SA broadcasting goes digital

 

South Africa joins the rest of the world
that has already moved away from
analogue to digital broadcasting.
(Image: wikimedia.org)

Digital broadcasting will enable viewers
to access more channels.
(Image: rthk.org)

Khanyi Magubane

As of 1 November, South Africa officially changed its television broadcasting signals from analogue to digital terrestrial television (DTT) technology.

Sentech, South Africa’s broadcasting technology centre, made the switch, which is expected to start working in certain households on 3 November.

Speaking at the official launch of the “switch-on” in Johannesburg on 30 October, director-general in the communications department Lyndall Shope-Mafole, said the Broadcasting Digital Migration (BDM) system also had the potential for special interactive services to cater for people with visual and hearing impairments such as audio description and subtitling,

“Broadcasting Digital Migration will bring many benefits including efficient use of the frequency spectrum, a public and scarce resource.

“It will bring more channels and therefore more diverse content delivered to the South African public.

“The digital switch over will see the telecommunication industry of radio and television utilised more efficiently.

“The Broadcasting Digital Migration is made necessary by the developments in telecommunications technologies which enable a more efficient use of radio frequency spectrum as well as better quality pictures and sound,” she said.

Shope-Mafole also noted a dual system will be implemented between 1 November 2008 and 1 November 2011.

During this time, both digital and analogue signals will be available; hence households will not be required to use the set top box, a type of decoder.

Speaking during her budget vote speech in June, Motsepe-Cassaburi said decoders were going to be made according to the highest standards, “The decoder system will be installed to protect South Africa’s design and manufacturing capability.

“The control system will enable communication between the broadcasters and the public, and provide for e-government services which can become interactive in the future.”

After the analogue system is completely switched off in 2011, the decoder will be needed to convert the analogue signal to digital for TV sets that are not digitally compliant.

Speaking at the event, communications minister Ivy Matsepe-Casaburri said government realises that there are many South Africans who will not be able to afford the set top box, and as such, the department would devise a scheme to subsidise set top boxes for the poor.

The set top box will be sold for around R700 (US$72) of which R400 ($41) will be subsidised by government for poor households using the Universal Service Fund.
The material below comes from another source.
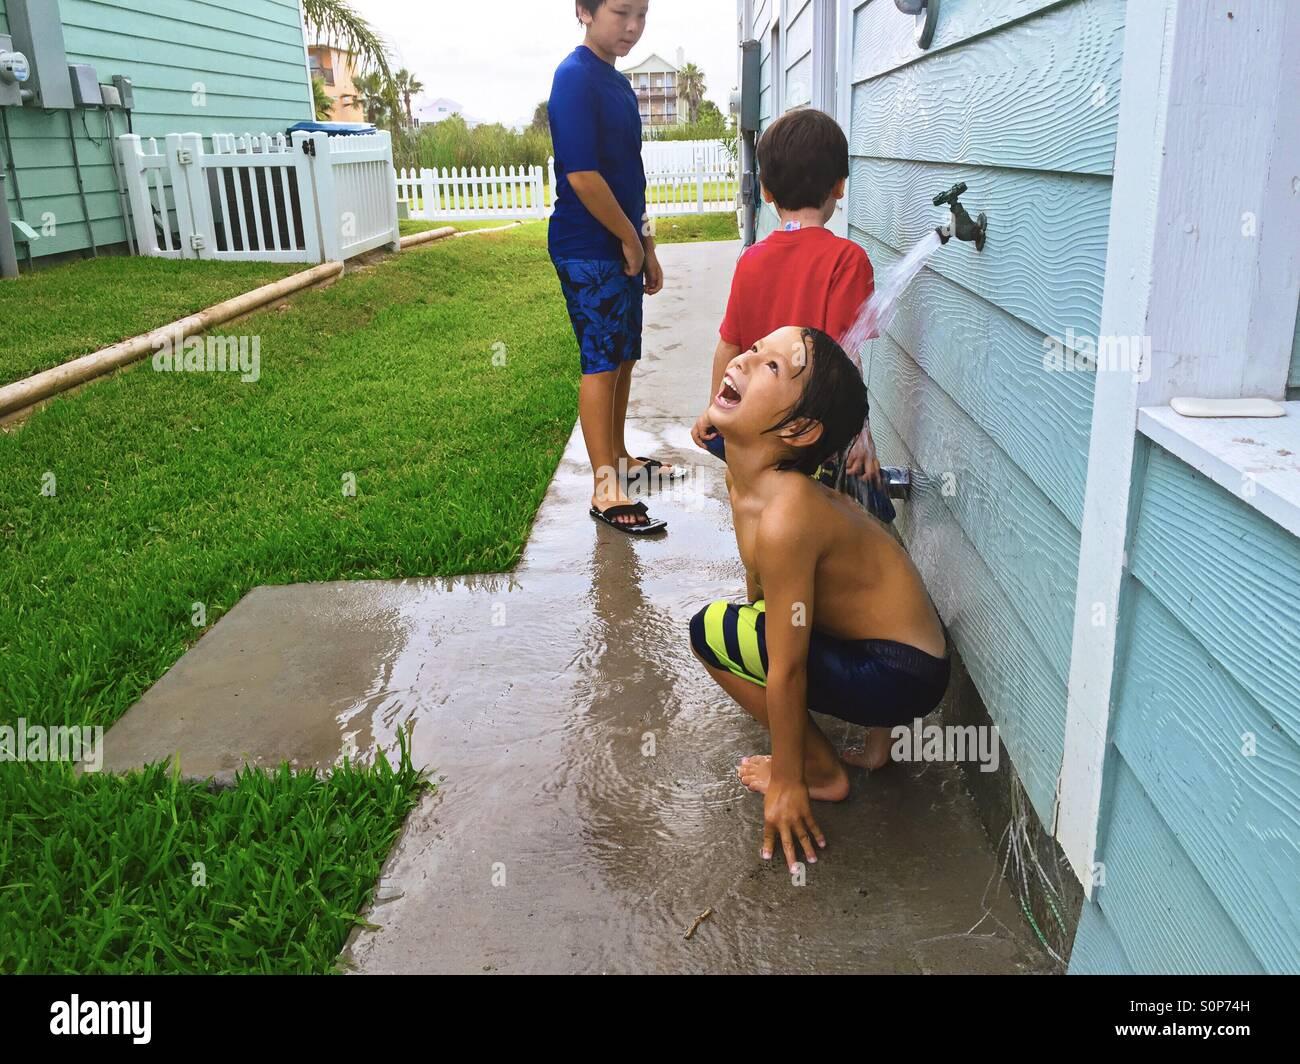 Los muchachos aclarándolo después de nadar. Jugando en el agua. Foto de stock

Cabinet has already approved R2.4 billion ($300 000) for the subsidisation of the decoders to the five-million poorest households

The industry is changing over to digital TV in accordance with the International Telecommunications Union (ITU) directive, to ensure that there is ongoing co-ordination and protection from interference of broadcasting signals.

The protection of signals agreement that all countries currently enjoy will come to an end by 2015.

At the moment, South Africa has agreements with a number of countries to ensure that there is no interference between various countries through its integrated frequency plans.

Benefits of going digital

As a result of the increased efficient frequency signals, it will now be possible to provide new television channels and specialised television services dedicated to education, health, youth, sports as well as three regional service channels.

This move has been backed by the public broadcaster the South African Broadcasting Corporation (SABC).

The acting chief executive officer of SABC, Gab Mampone said the public broadcaster would provide up to eight new video channels in the same bandwidth as one analogue channel.

“The migration to digital process is expected to take a minimum of three years. Viewers will still be in a position to receive the current analogue services of SABC 1, 2, 3 and e-tv and M-Net,” he said.

During the Johannesburg launch, attendees were already able to view two new SABC channels, which were showcased during the event. This was the SABC entertainment channel as well as SABC’s international news channel.

Viewers can also expect an additional channel from free-to-air channel e-tv and another one from pay-TV broadcaster M-Net.

According to spokesperson for the communication department Joe Makhafola, the SABC, e-tv and M-Net will distribute some three thousand decoders collectively on a trial basis. After the trials, the digital signal will be available to the public as an option to use mid 2009, even though they still have analogue option until 2011.

The aim of the trials would be to ensure that technical gremlins in the system are sorted out before the service is made fully available to the public.

Makhafola also added that the decoders have been developed locally, in a bid to encourage the increased participation of black entrepreneurs in the ICT sector,

“Government has decided to encourage the participation of more black people to transform the local industry.”

Despite concerns from the industry that the trial decoders have entered the country and are yet to be approved by standard authorities, Makhafola is confident that the process will not have too many glitches along the way.

South Africa now joins countries like the United Kingdom, New Zealand, United States, France and Mauritius that are advanced in their migration process of moving from analogue to digital.

Overseeing the process

Matsepe-Casaburri has appointed the Digital Dzonga Advisory Council to advise on and oversee the complex process of changing the system from analogue to digital.

The 12-member council consists of representatives from various sectors as well as the labour and consumer groups.

Lara Kantor, the chairperson of the Council, says the trial to be an important first step, “We are excited to be witnessing the start of the broadcaster trials on DTT. We believe the trials will yield important findings to guide us, as we plan for the launch of DTT to the public in mid-2009.”